# How to determine the voltage across an LR circuit?

Imagine a circuit with an inductor and a resistor rotating in a constant magnetic field. What is the relationship between the voltage induced across it's inductor ,resistor individually and it's generator voltage at a particular instance in time?and why?

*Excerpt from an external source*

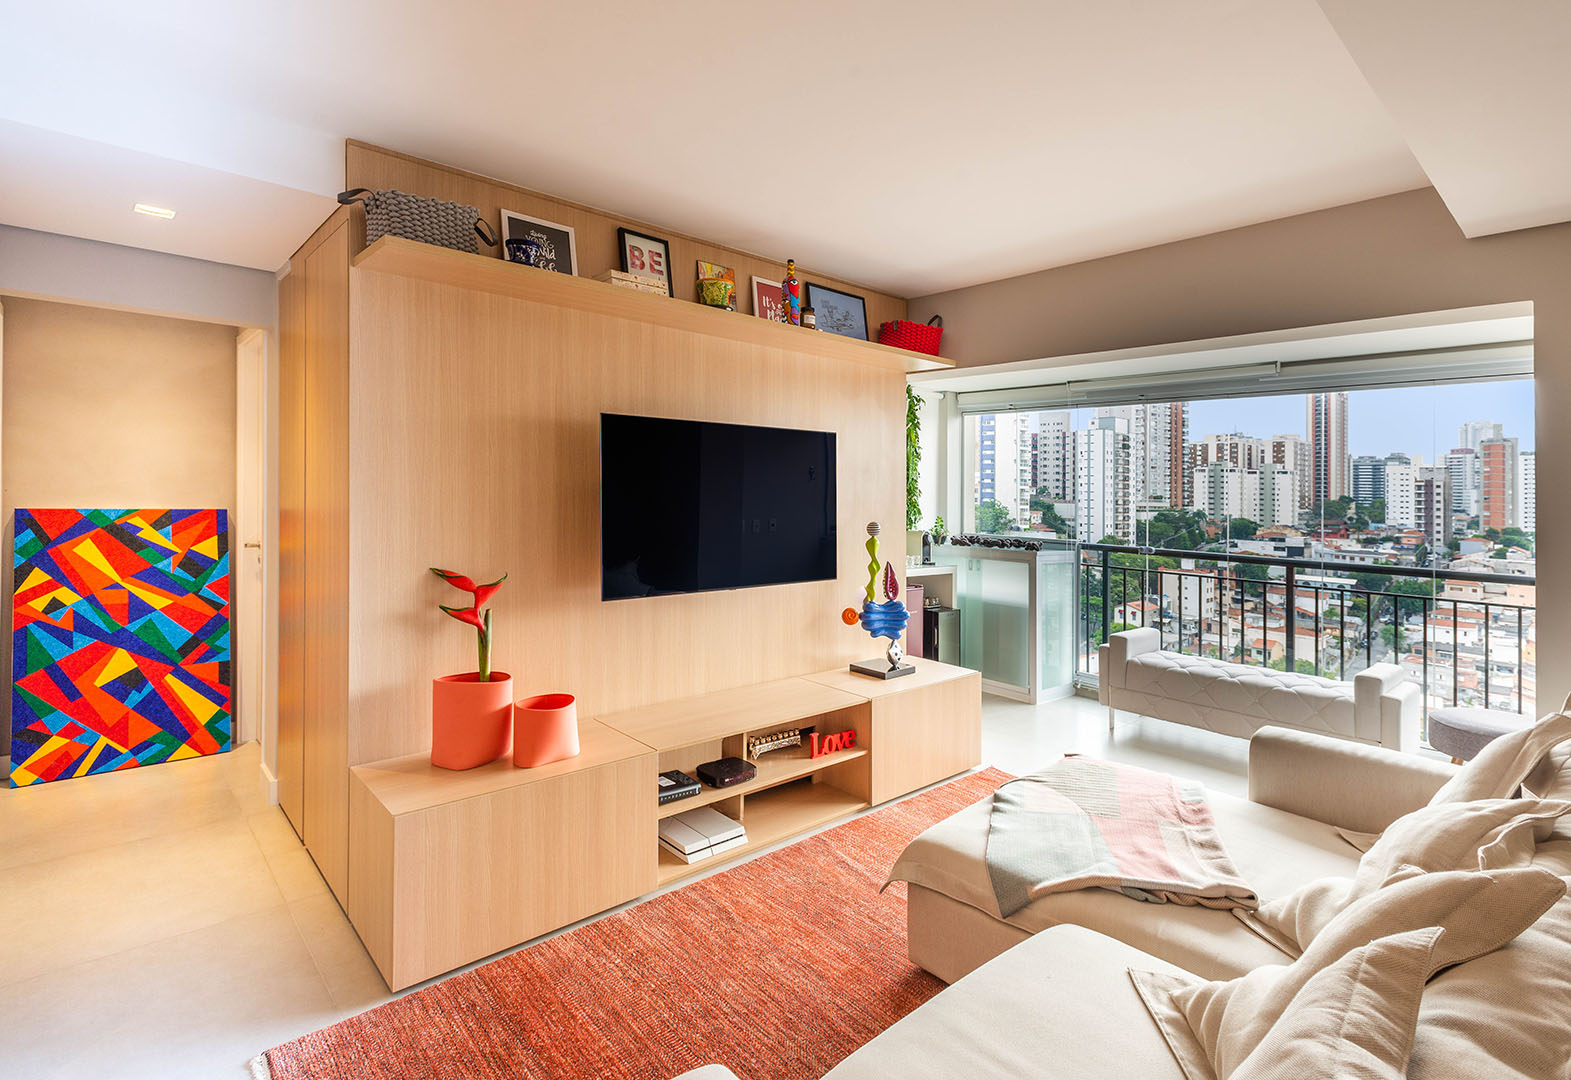 Apartamento de 69 m² traz base neutra e contemporânea

• It is not clear what is rotating. A coil rotating in a constant magnetic field will produce an alternating voltage, so you have a voltage source in series with an inductor and a resistor. Sep 11 at 16:30
• yes, the coil is rotating
– A.G
Sep 11 at 16:44
• So what is the question? you have a AC generator and a resistor as "user" easier just to take a coil with some resistance. the smaller the resistor or the resistance of th coil the more force you need to rotate your coil. Sep 11 at 17:16
• i have added an edit, if it makes it any clearer
– A.G
Sep 11 at 17:24
– A.G
Sep 11 at 17:38

First a quick solution to the circuit with a sinusoidal applying voltage, $$V_g = V_0 \cos(\omega t)$$: \begin{align} V_R + V_L &= V_g.\\ i(t) R + L\frac{d i}{dt} &= V_0 \cos \left(\omega t\right). \tag{1}\\ \end{align}
Then assume a solution $$i(t) = i_0 \cos \left(\omega t - \theta\right)$$, the angle $$\theta$$ is called the phase delay. Plug this solution into Eq.(1), solving two unknown parameters $$i_0$$ and $$\theta$$. We have two equations, one for $$\cos\left(\omega t\right)$$, and the other for $$\sin\left(\omega t\right)$$ \begin{align} R i_0 \cos \left(\omega t - \theta\right) - L i_0 \omega \sin \left(\omega t - \theta\right) &= V_0 \cos \left(\omega t\right).\tag{2}\\ i_0 R\cos\theta + i_0 \omega L\sin\theta &= V_0; \tag{3}\\ i_0 R \sin\theta - i_0 \omega L\cos\theta &= 0. \tag{4} \end{align}
Parameter $$i_0$$ and $$\theta$$ can be solve using equations (3) and (4). And according to the linked figure, the equation (2) can be interpreted as $$V_R$$ in the $$\hat x$$ axis and $$V_L$$ in the $$\hat y$$ axis, their vector sum is always equal to the voltage of the generator, which is with a phase $$\theta$$ ahead of the current voltage. These three vectors are coherently rotate with angular frequency $$\omega$$ driven by the applying alternated voltage. This is called a phase diagram.